# Skype Group



## Parky94 (Sep 2, 2014)

Hi guys i have seen a few of these posts but none seem to be still active/aren't from years ago. I use skype a lot more than i do this forum, would anyone be interested in joining a skype group for somewhere we can talk about SA problems or just general stuff. If you'd like to join you could leave your skype name below or PM me


----------



## 21oz (Sep 29, 2014)

Yeah count me in wael20905


----------



## SociallyAwkwardNotStuckUp (May 31, 2014)

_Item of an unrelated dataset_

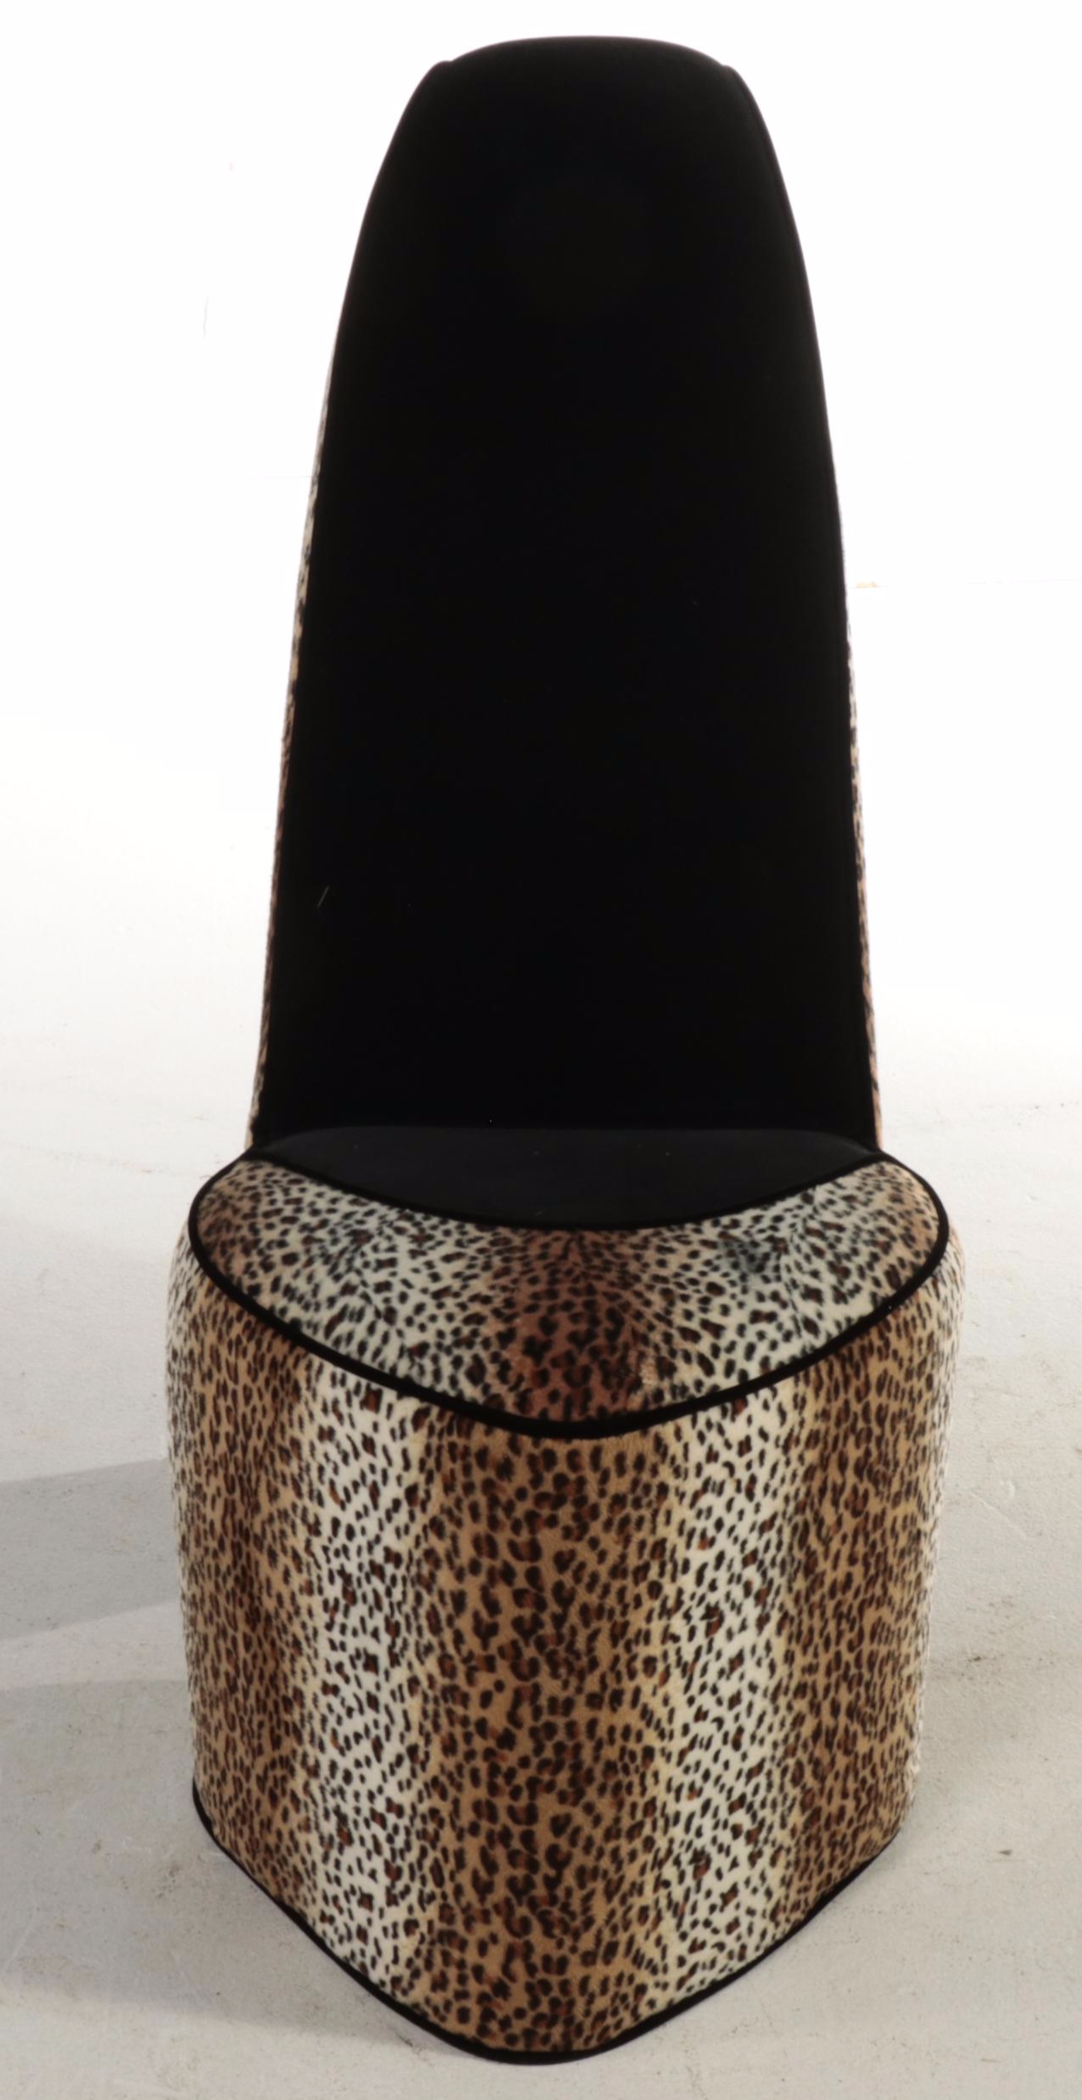 Leopard Print High Heel Shoe Chair | EBTH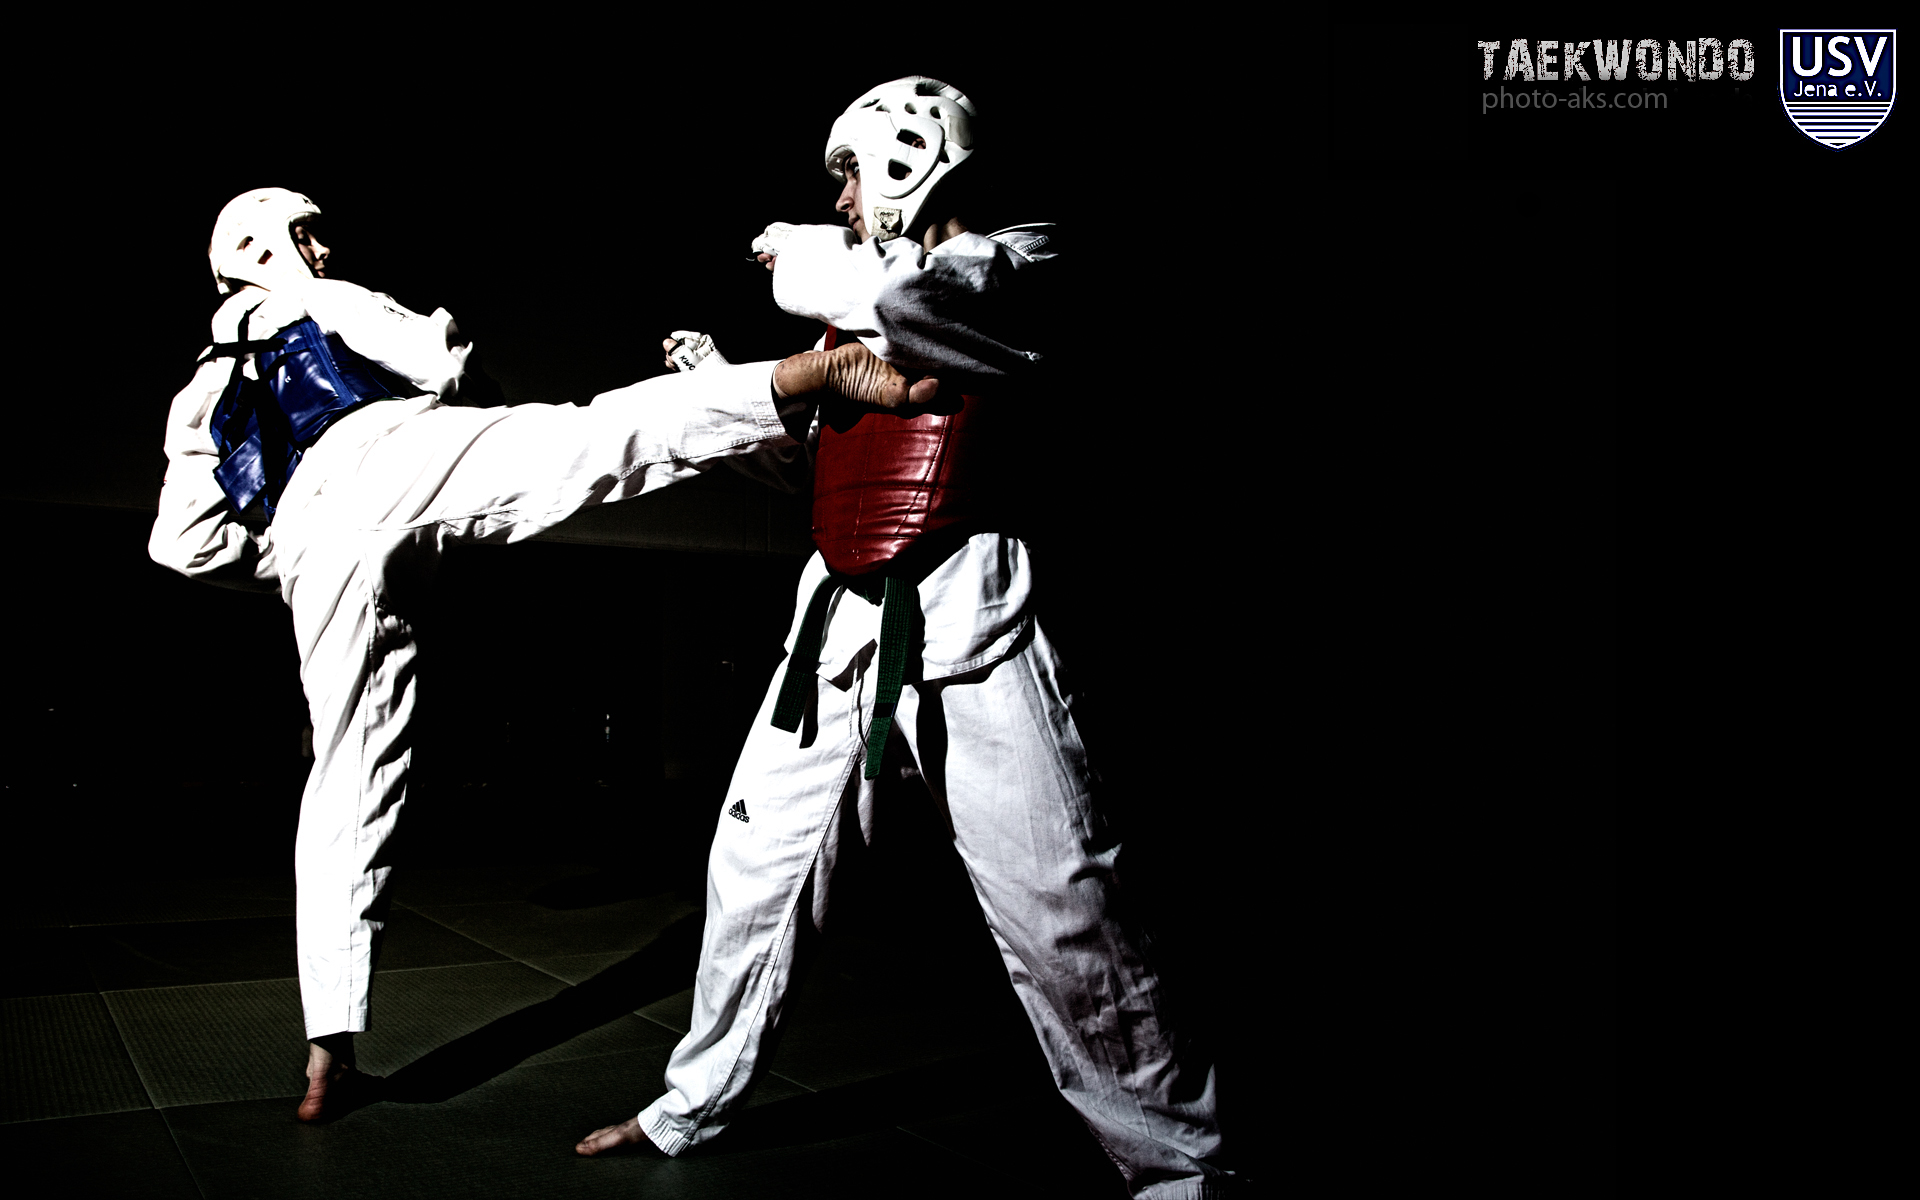 http://pic.photo-aks.com/photo/sports/combat/large/taekawando-taekwondo.jpg

I may be interested just pm me the details!


----------



## risenfall (Oct 2, 2014)

Sounds fun I'm not good with conversations tho especially group chats


----------



## Dorey23 (Sep 23, 2014)

im in...

Dorey_23


----------



## sundrops (Apr 10, 2011)

I'm up for this, count me in!


----------



## sundrops (Apr 10, 2011)

risenfall said:


> Sounds fun I'm not good with conversations tho especially group chats


That's ok, I think the main purpose of the chat is to help each other out, share experiences and stuff but we can talk as much as we want, or just sit back and observe the conversation...I know that I kind of suck at group conversations as well..


----------



## LillyxoRedrum (Oct 2, 2014)

You people can add me :3 I usually partecipate to group chats, but I obviously also am in for private ones!


----------



## risenfall (Oct 2, 2014)

ya guys add me too, id is tenyearoldgal I joined a couple groups and I kinda liked it and feelin more comfortable with it now


----------



## HenceNoStepsTaken (Oct 2, 2014)

You can add me if you want, but i have no idea how this works! Where did the good old messenger go!?


----------



## bancho1993 (Aug 28, 2014)

Sounds like fun..

yakdeadsouls


----------